» **GOAL OF THE EXERCISE**
Where a picture appears, leave it out, and transcribe all the lines below exactly.

» **SOURCE DATA**
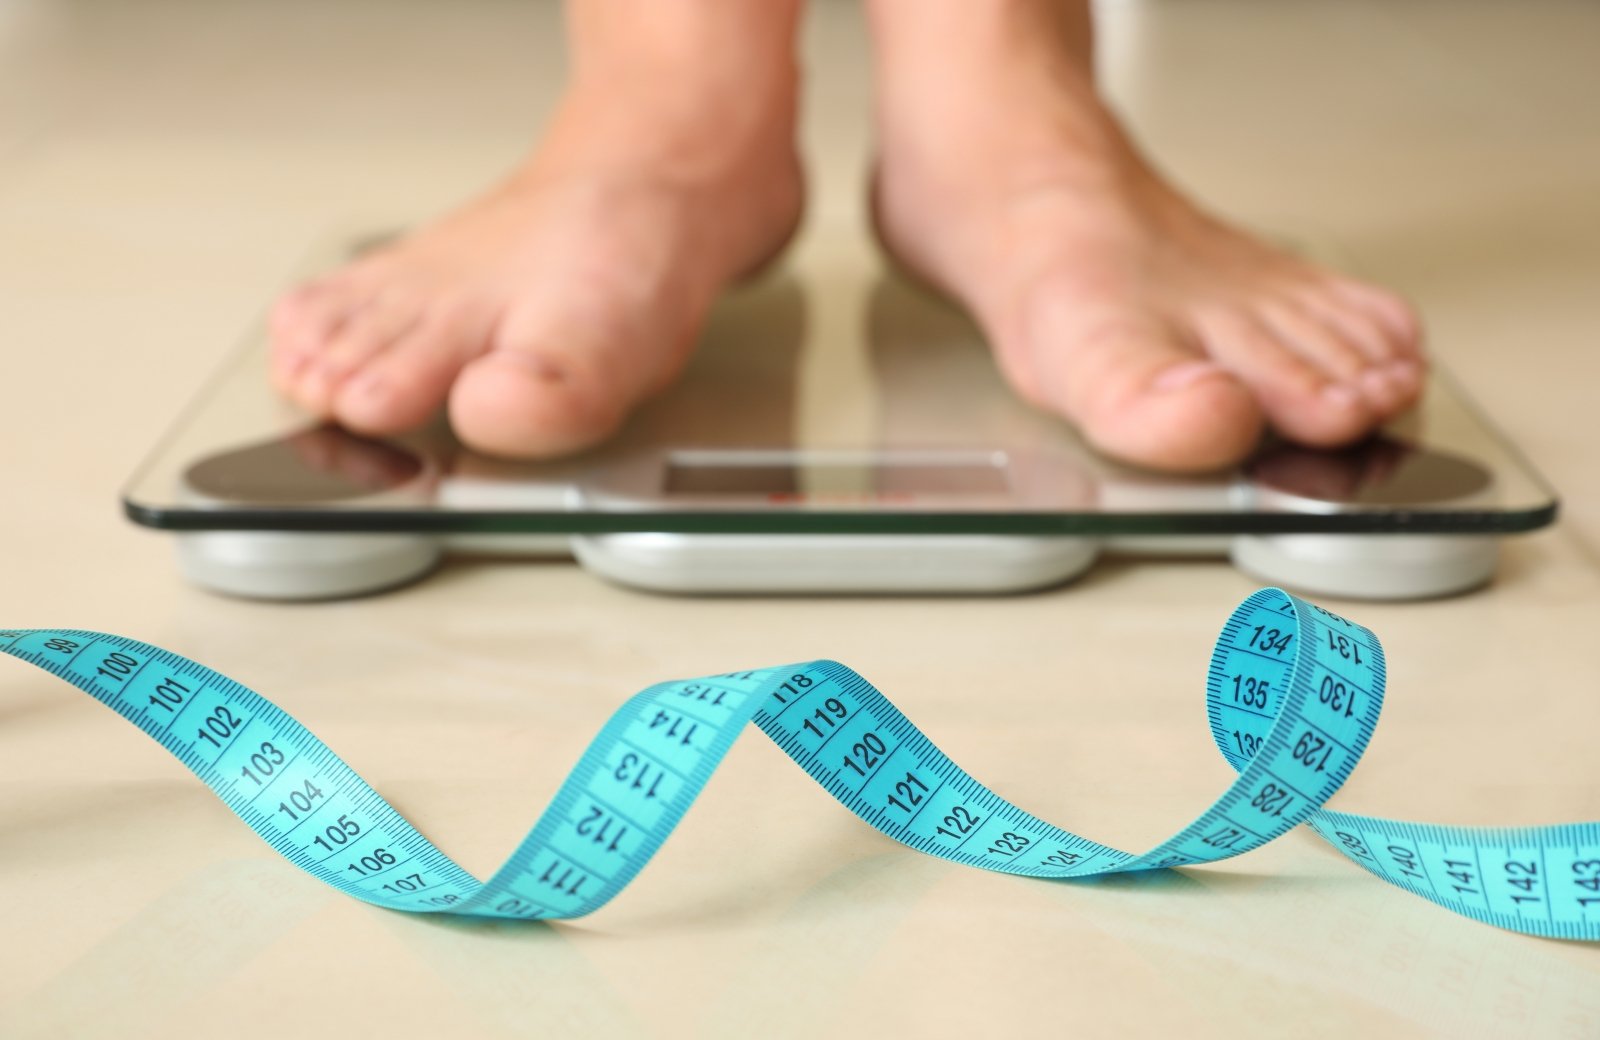 svorio netekimo patarimai urdu paveikslėliuose ar specialus k priverčia tave numesti svorį
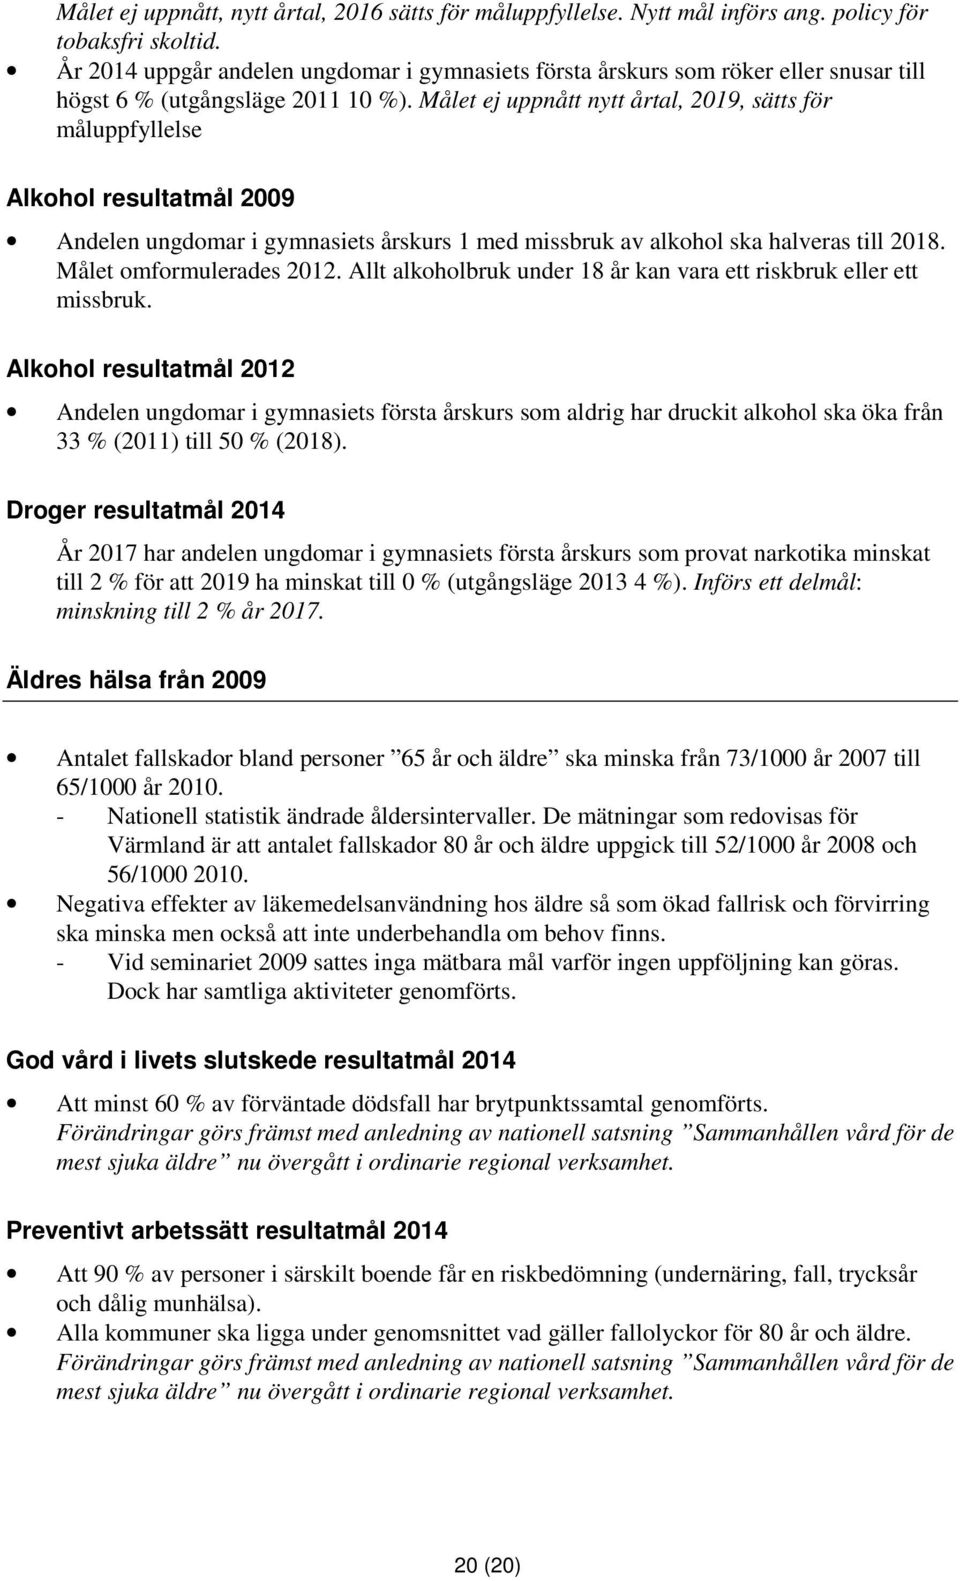 Målet ej uppnått nytt årtal, 2019, sätts för måluppfyllelse Alkohol resultatmål 2009 Andelen ungdomar i gymnasiets årskurs 1 med missbruk av alkohol ska halveras till 2018. Målet omformulerades 2012.
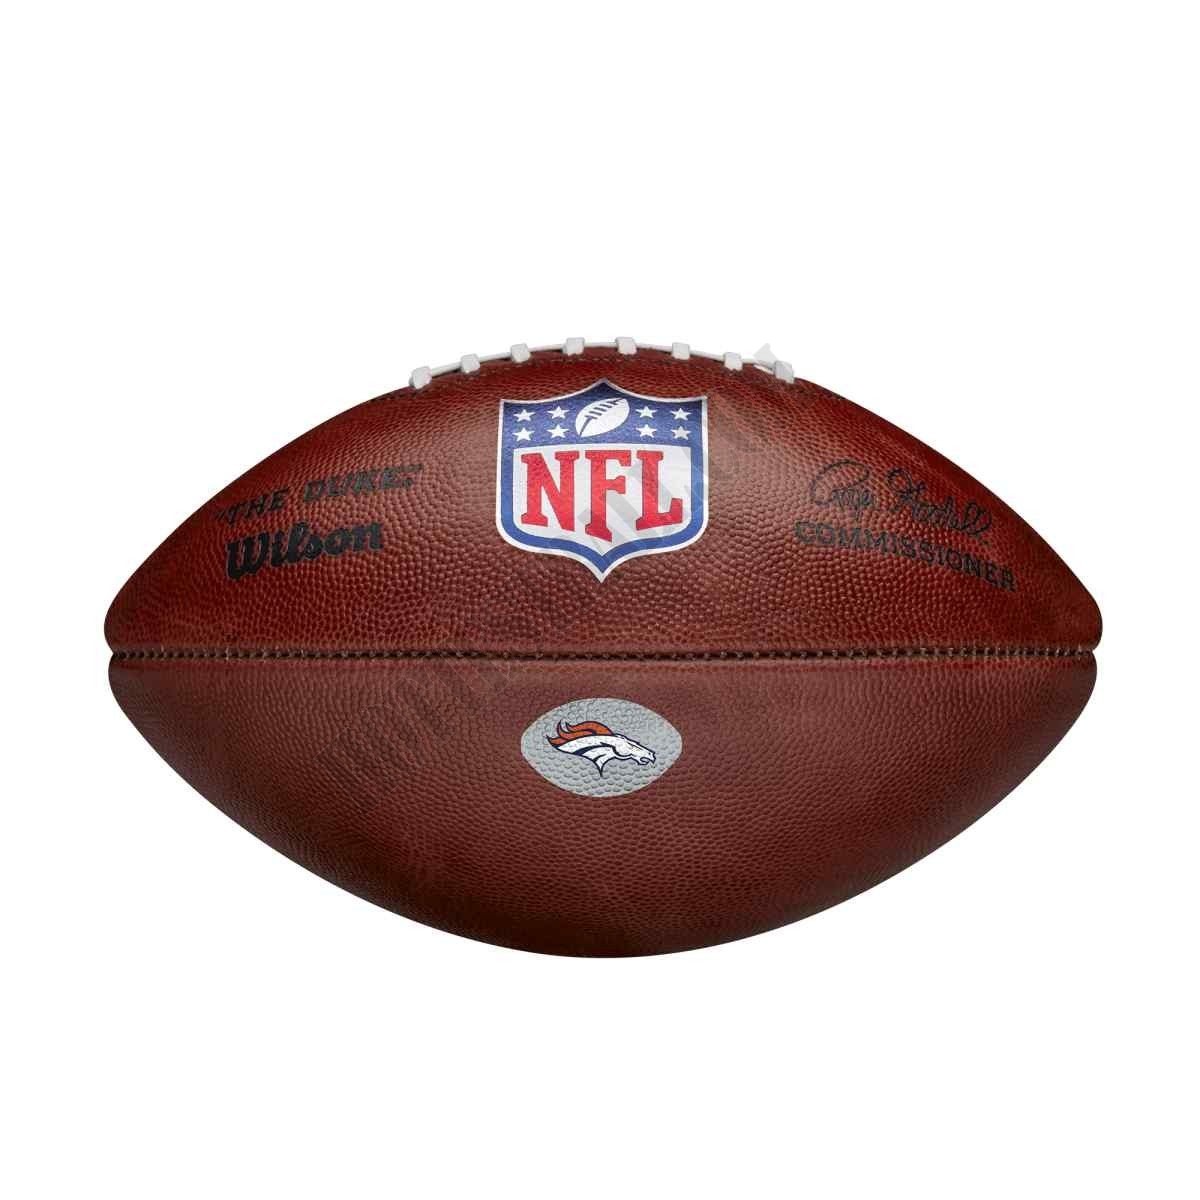 The Duke Decal NFL Football - Denver Broncos ● Wilson Promotions - The Duke Decal NFL Football - Denver Broncos ● Wilson Promotions

» **RESPONSE TO THE EXERCISE**
 svorio netekimo patarimai urdu paveikslėliuose ar specialus k priverčia tave numesti svorį
 Målet ej uppnått nytt årtal, 2019, sätts för måluppfyllelse Alkohol resultatmål 2009 Andelen ungdomar i gymnasiets årskurs 1 med missbruk av alkohol ska halveras till 2018. Målet omformulerades 2012.
 The Duke Decal NFL Football - Denver Broncos ● Wilson Promotions - The Duke Decal NFL Football - Denver Broncos ● Wilson Promotions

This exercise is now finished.